## YOUR ASSIGNMENT
Below are entries with pictures in them. Output exactly the lines starting at the line with "Sleek MakeUP Highlighting" and ending at the line with "Landhaus пластмасов сандък зелено", both included, but not the pictures.

## DATA FOR ANALYSIS
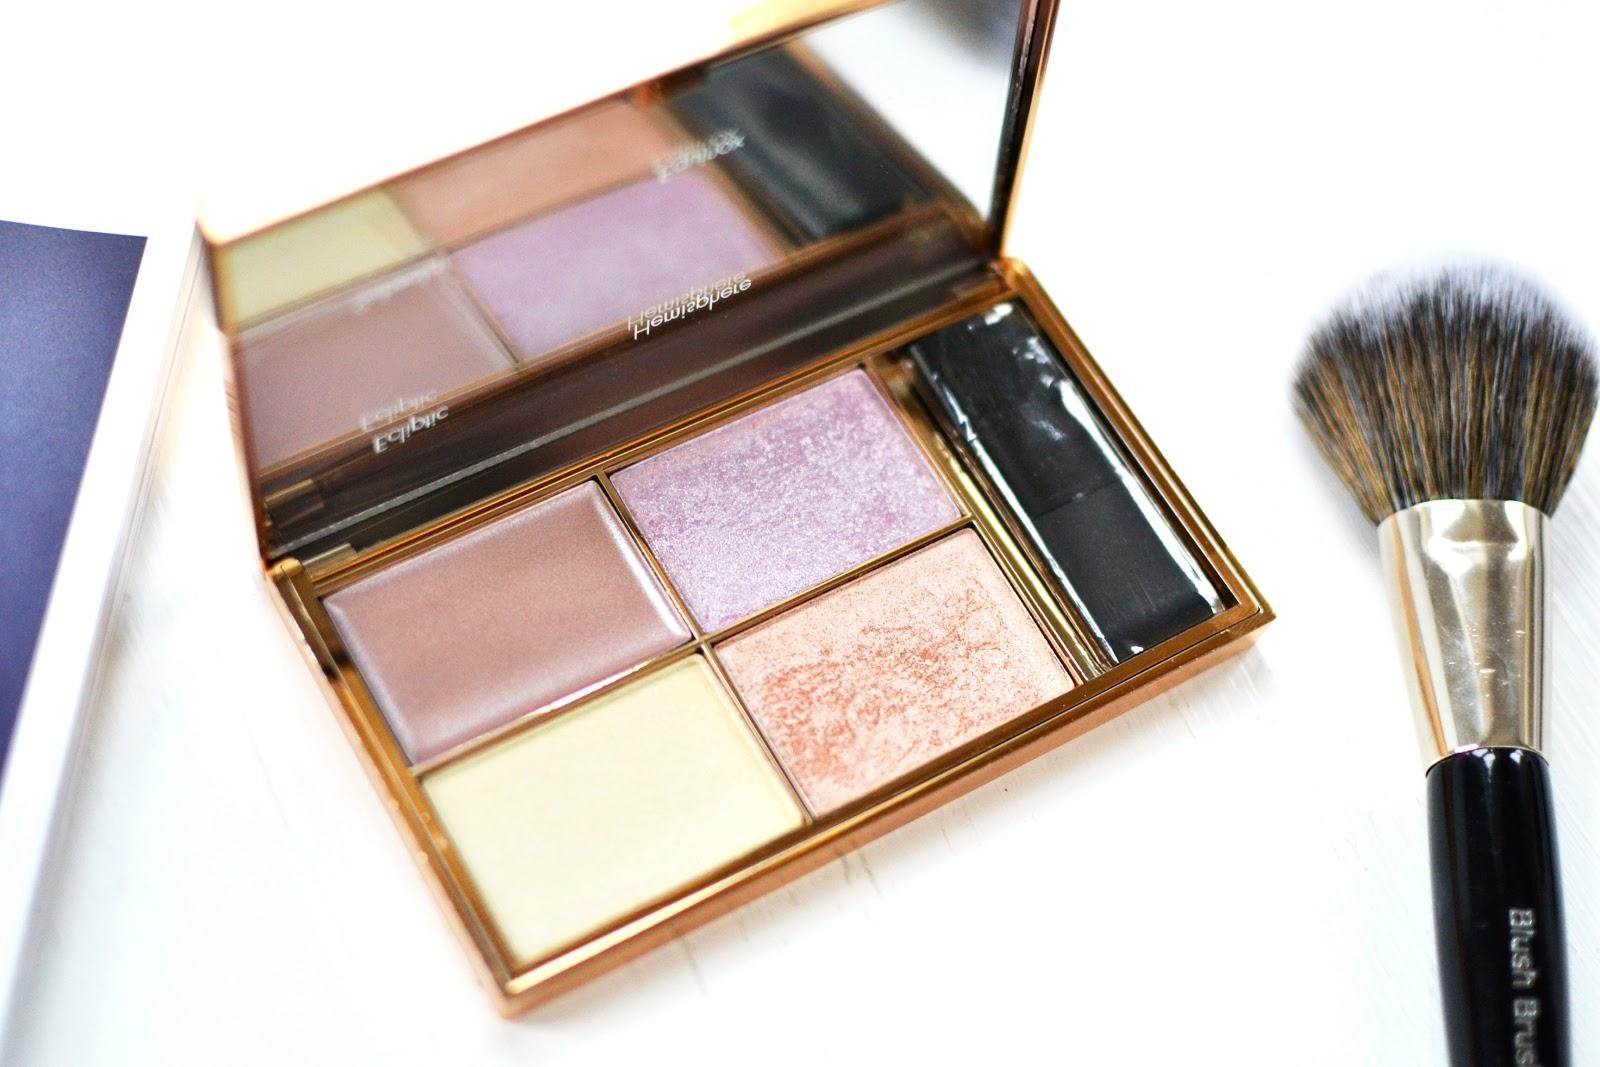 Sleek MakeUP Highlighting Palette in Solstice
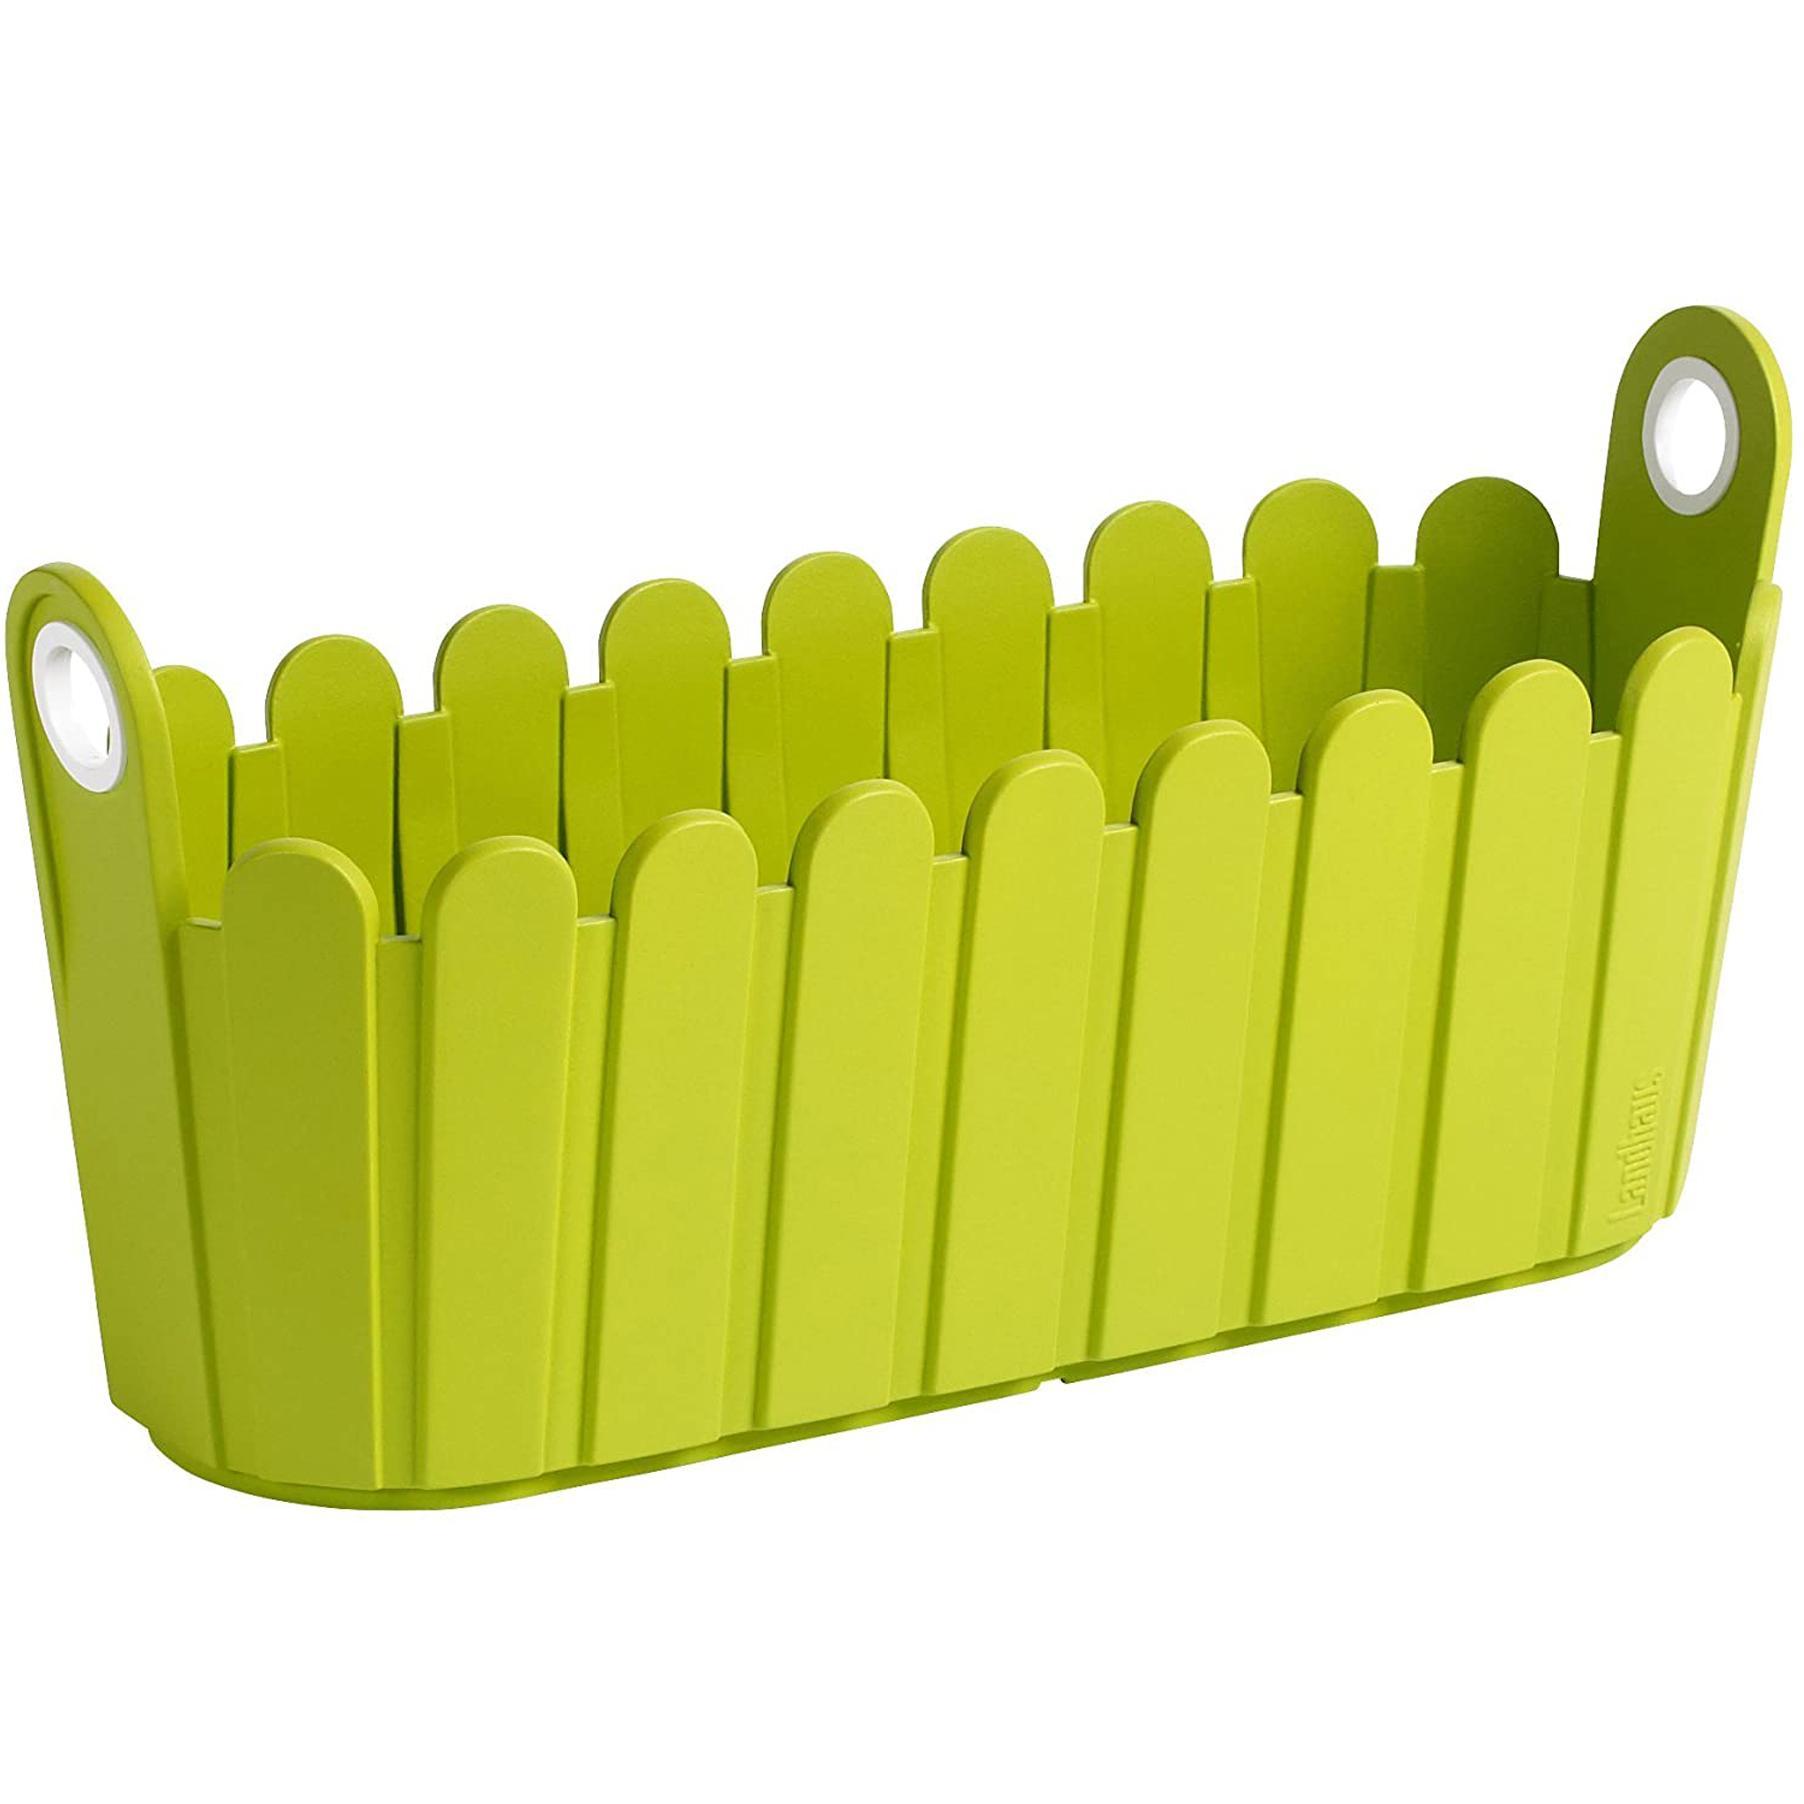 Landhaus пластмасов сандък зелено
--
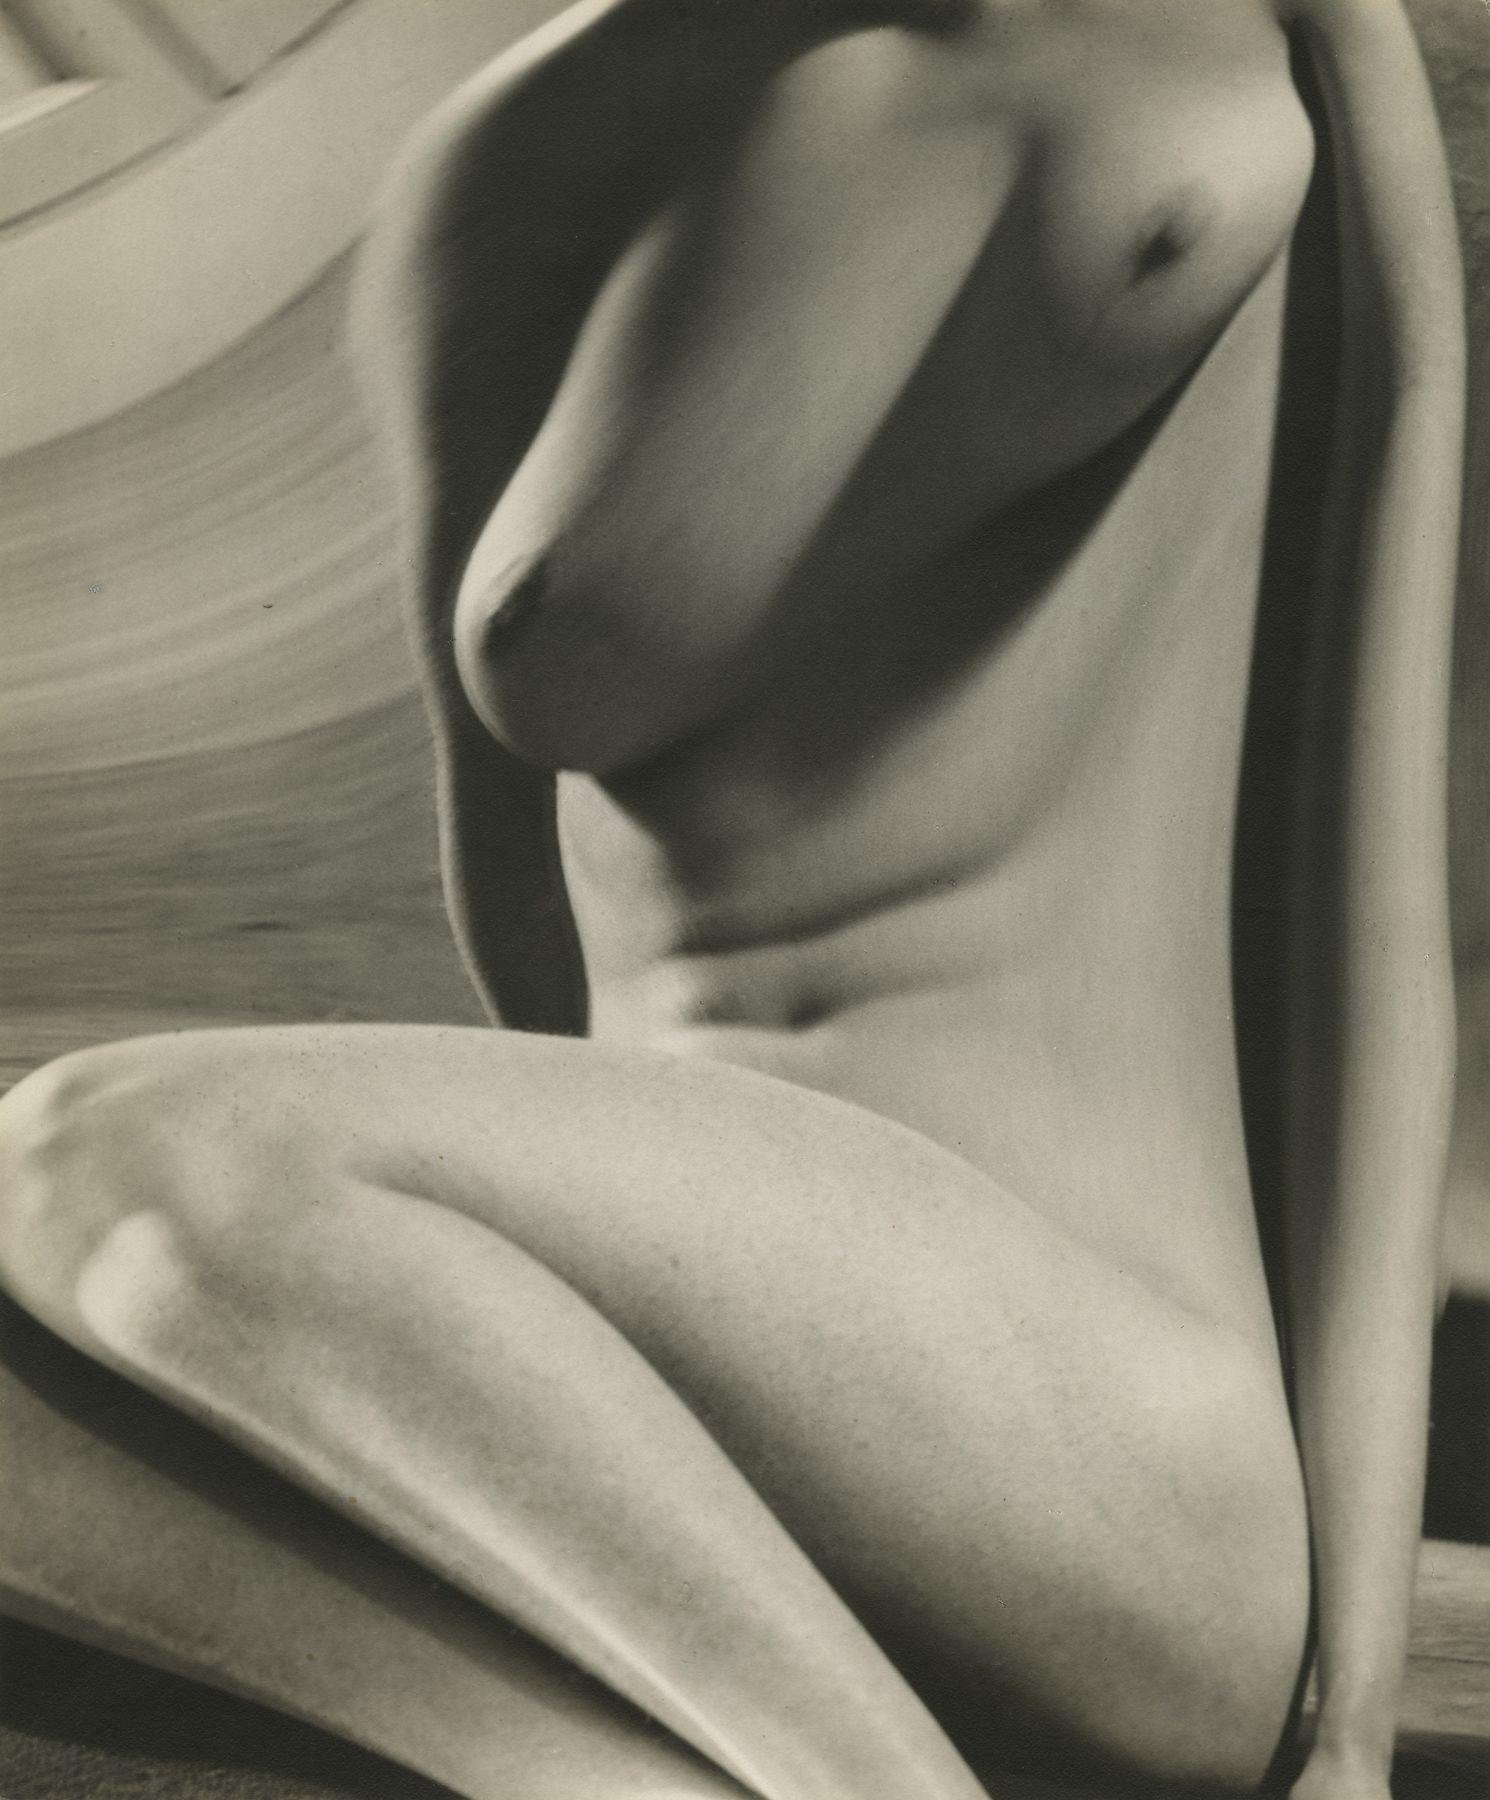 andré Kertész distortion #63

## FINAL ANSWER
 Sleek MakeUP Highlighting Palette in Solstice
 Landhaus пластмасов сандък зелено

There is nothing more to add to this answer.